Among the changes is the elimination of monetary bail

 

.............“I have long held that an essential mark of good governance is a willingness to change the laws that have failed the people of Illinois,” Pritzker said in a statement. “This criminal justice package carries with it the opportunity to shape our state into a lesson in true justice for the nation by abolishing cash bail, modernizing sentencing laws, instituting a certification and decertification system for police officers statewide, requiring body cameras, reforming crowd control response, and amplifying law enforcement training standards. I was proud to make ending cash bail and modernizing sentencing laws a legislative priority of my administration, and I have long pledged my support to the Illinois Legislative Black Caucus in their efforts to pass not just criminal justice reform and police accountability measures, but also to truly root out the systemic racism that pulses through all our nation’s institutions by pursuing greater equity in healthcare, higher goals in education, and deeper investments in economic opportunity for communities that have for too long been left out and left behind.".......

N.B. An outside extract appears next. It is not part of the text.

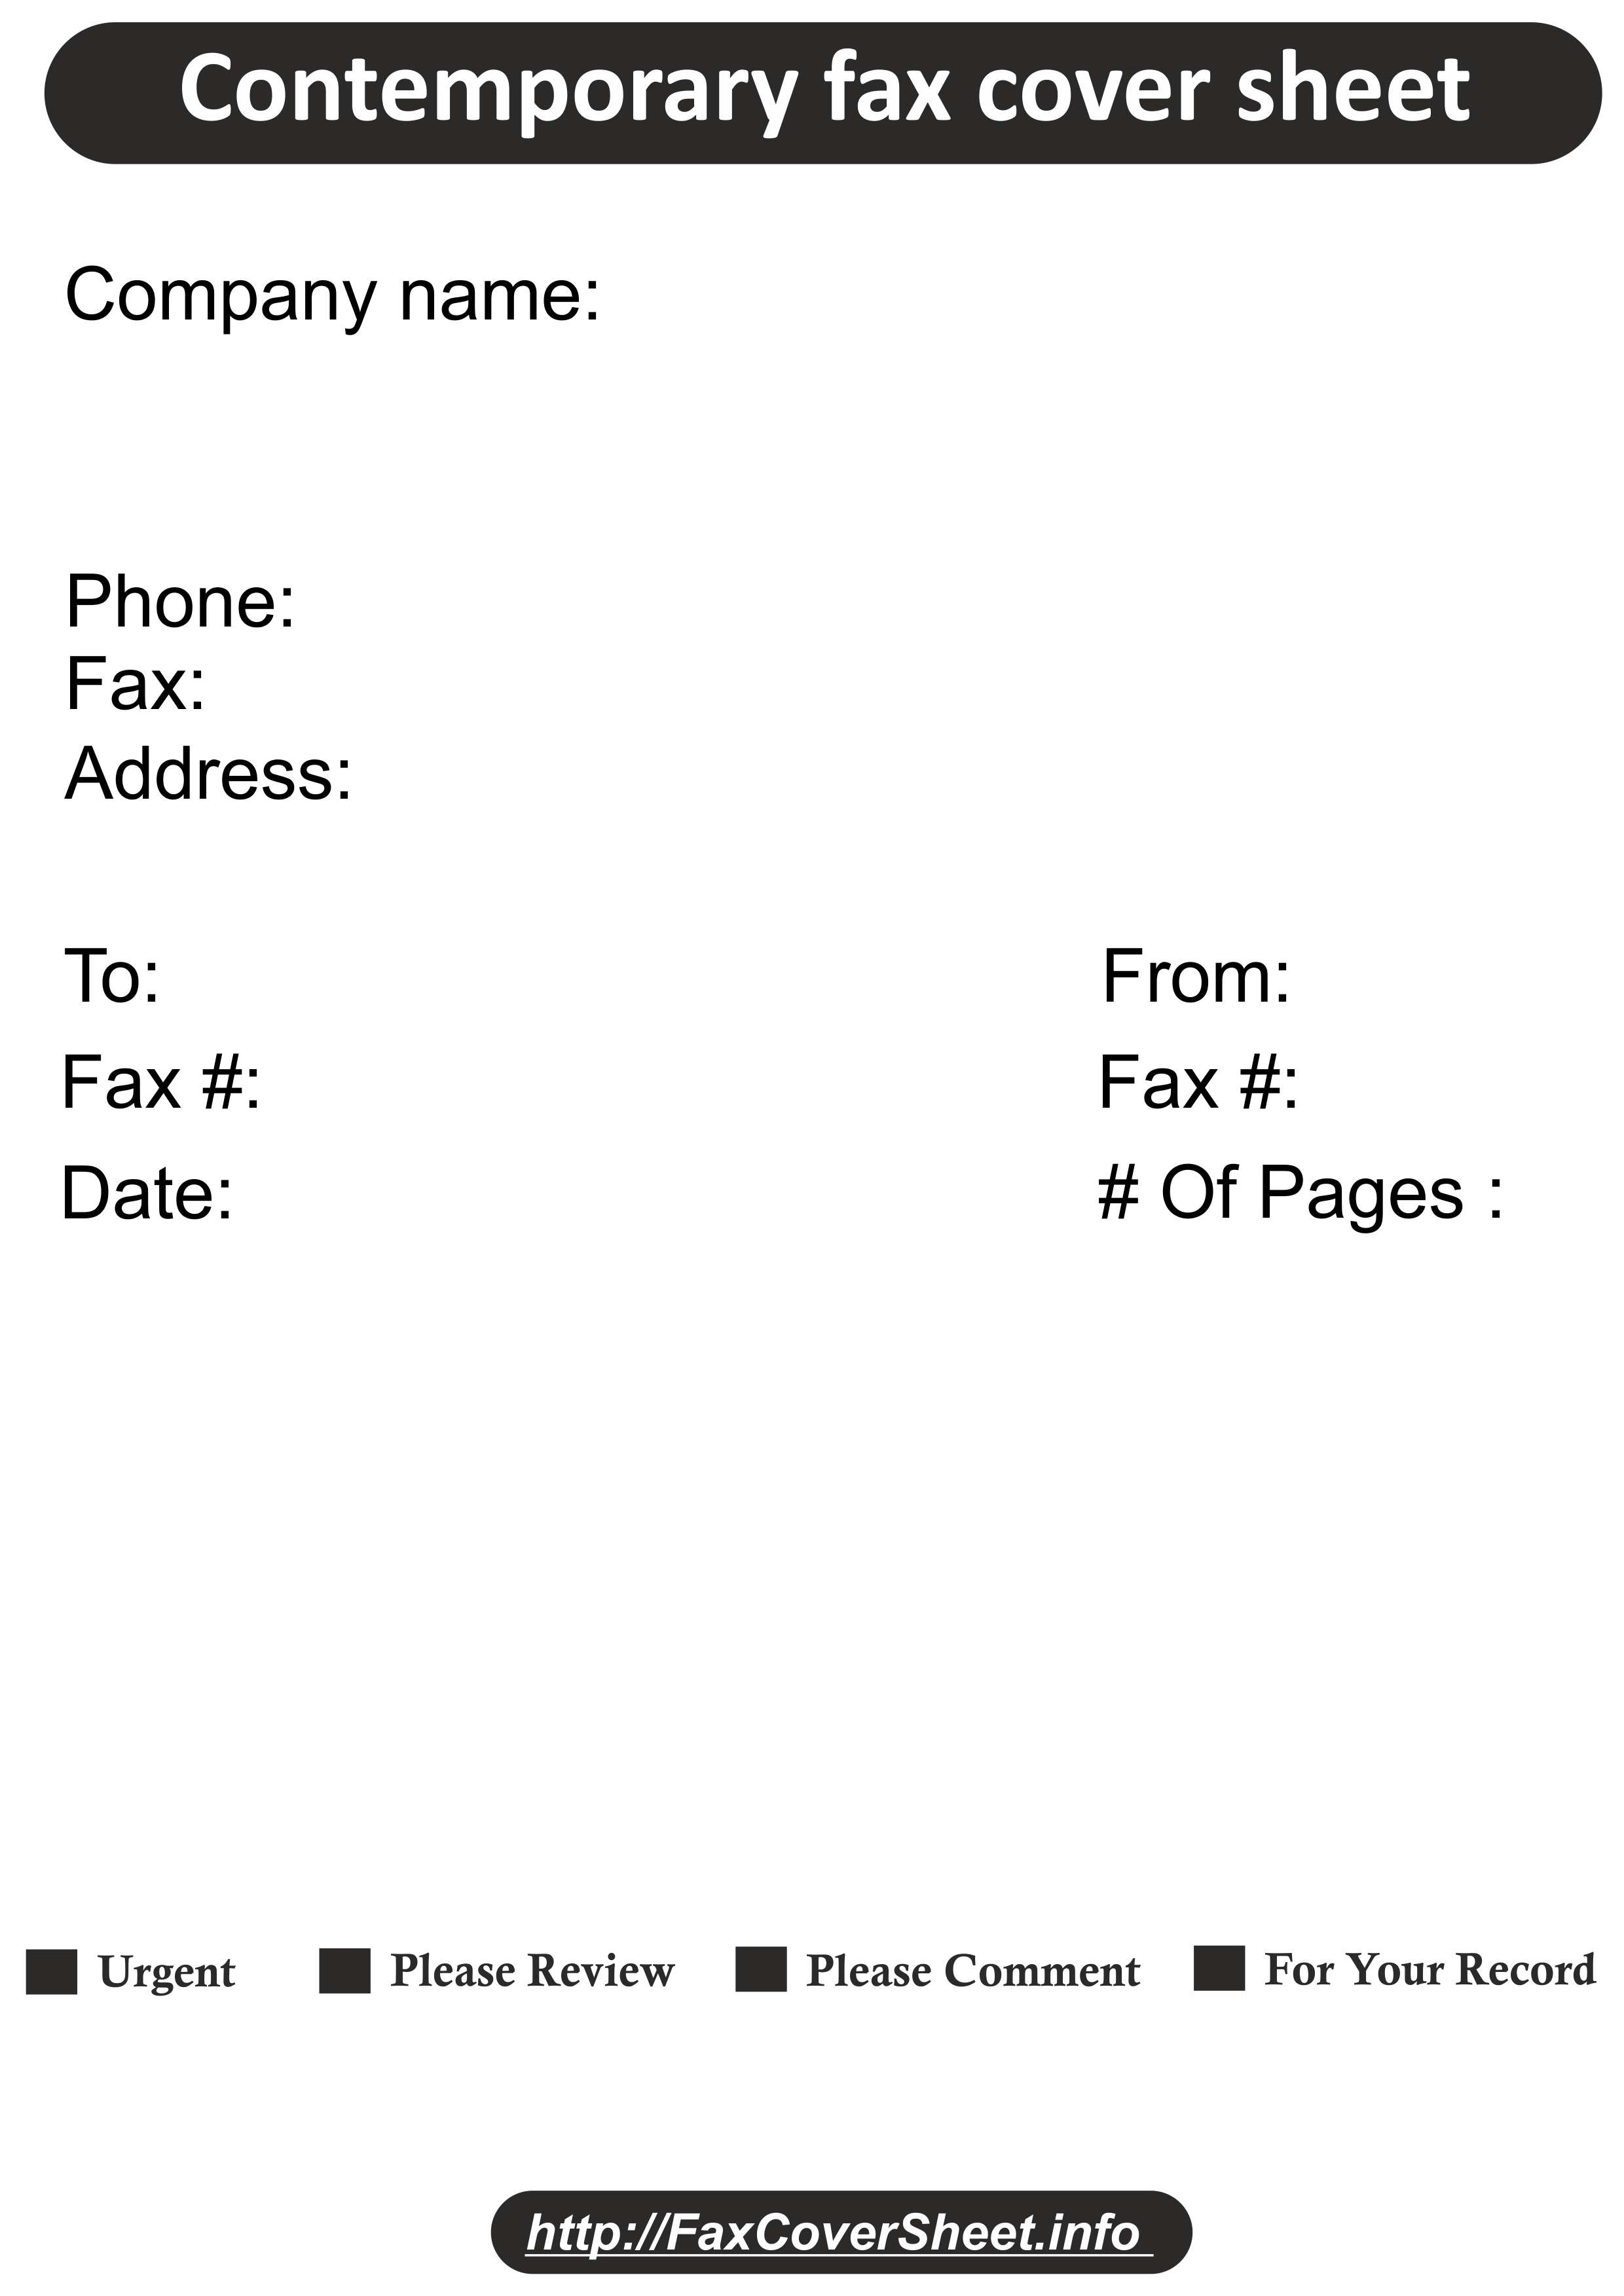 Contemporary Design Fax Cover Sheet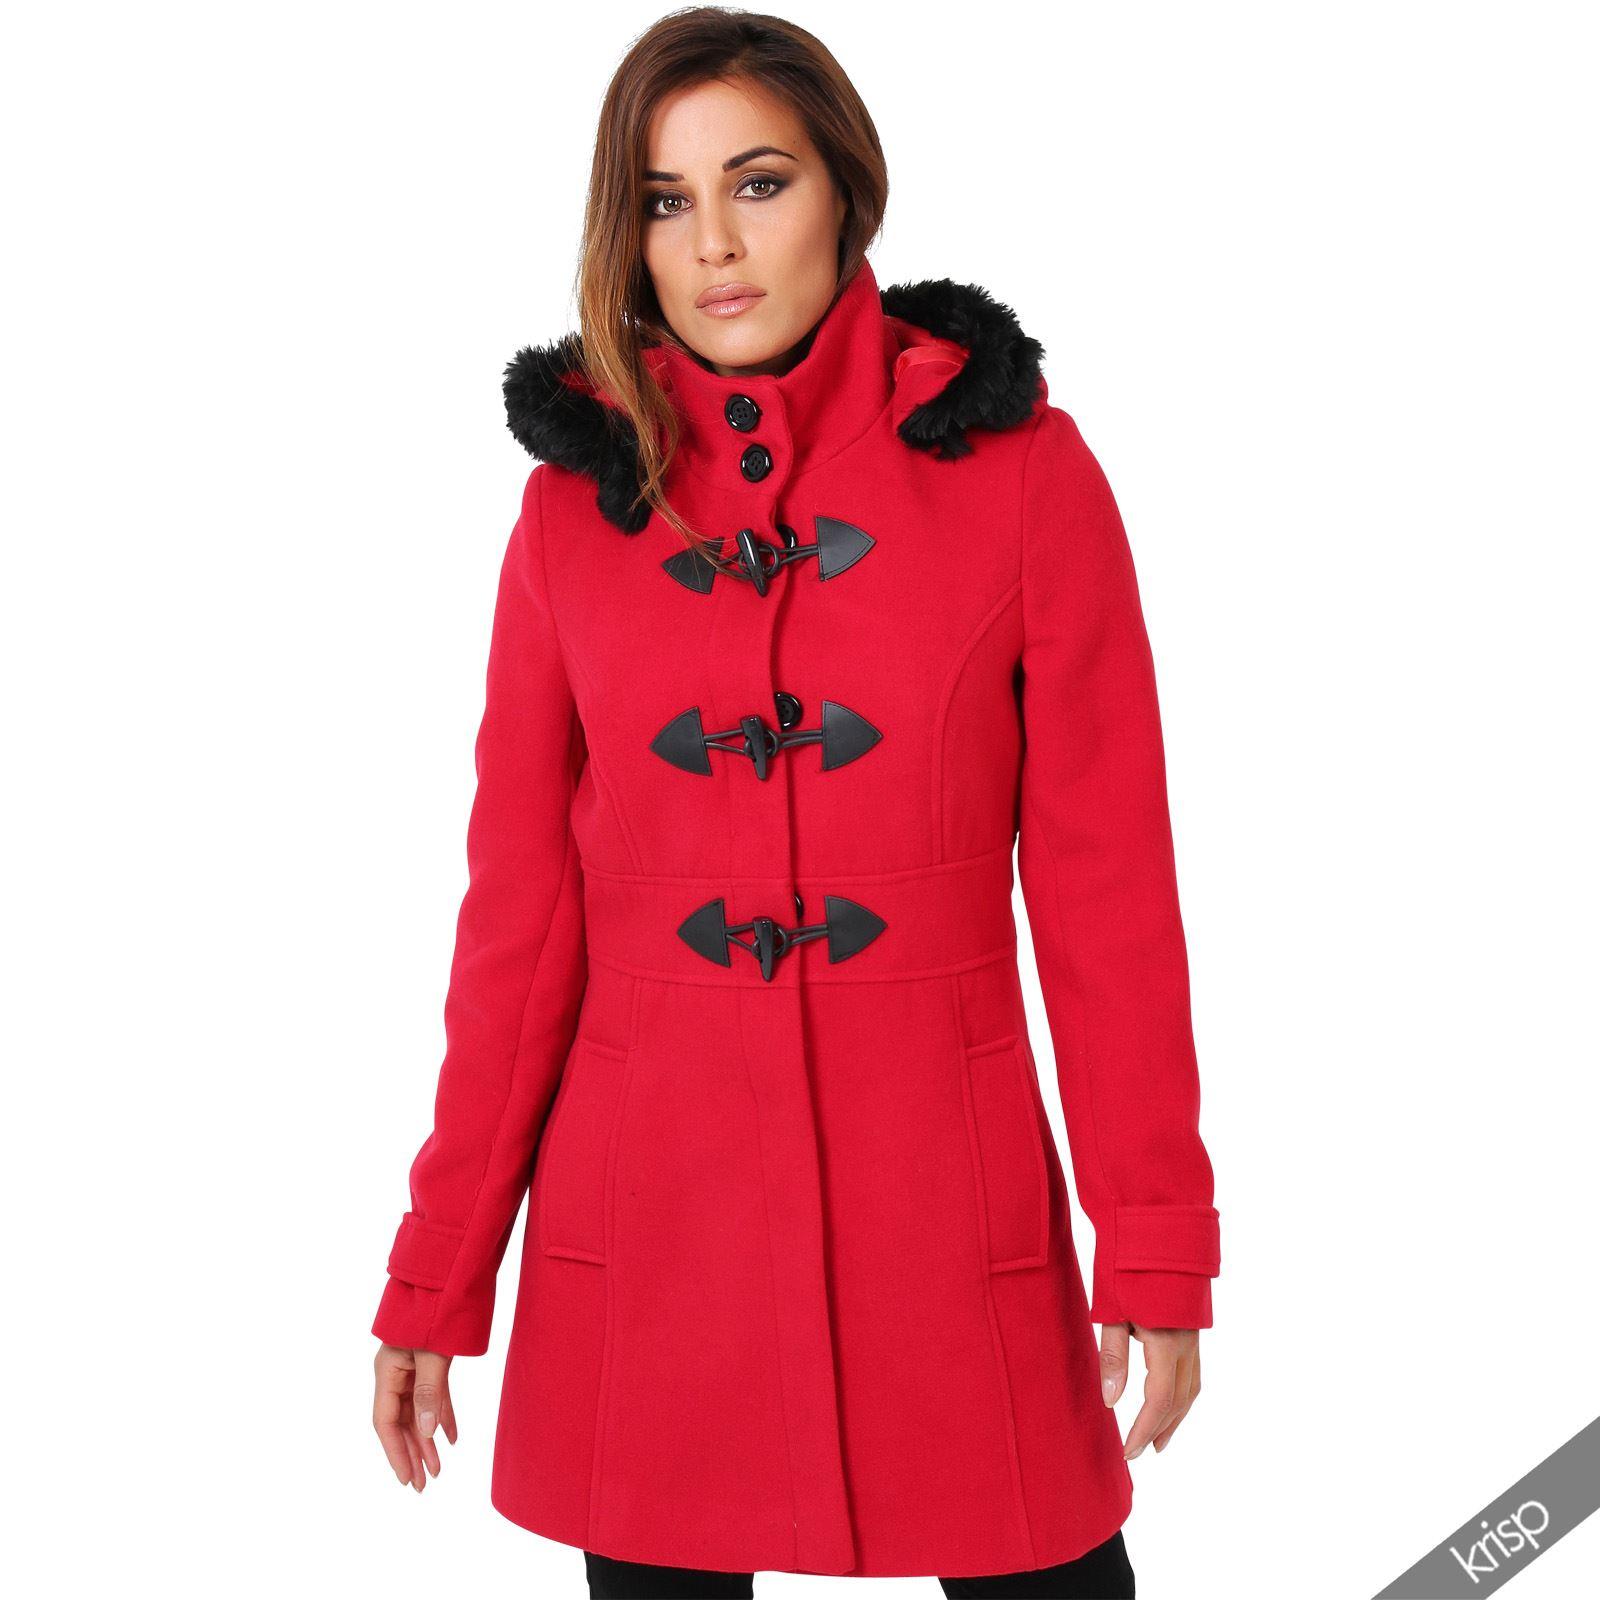 women detachable hood 2 in 1 jacket wool fleece toggle duffle coat trench winter ebay. Black Bedroom Furniture Sets. Home Design Ideas

Among the changes is the elimination of monetary bail, which allows judges to release people before trial, with the exception of those charged with certain felonies or if the accused person presents a risk of harming others or fleeing.

Proponents of the measure argued that the state's current bail system disproportionately affects low-income people of color who are awaiting trial............

But some law enforcement officials opposed the measure.

"We think it will cause problems," said Ed Wojcicki with the Illinois Association of Chiefs of Police. "We understand the rationale for it, but there needs to be a lot more serious concern and a lot more latitude for judges to determine whether someone might be dangerous to society before letting them out on bail.".......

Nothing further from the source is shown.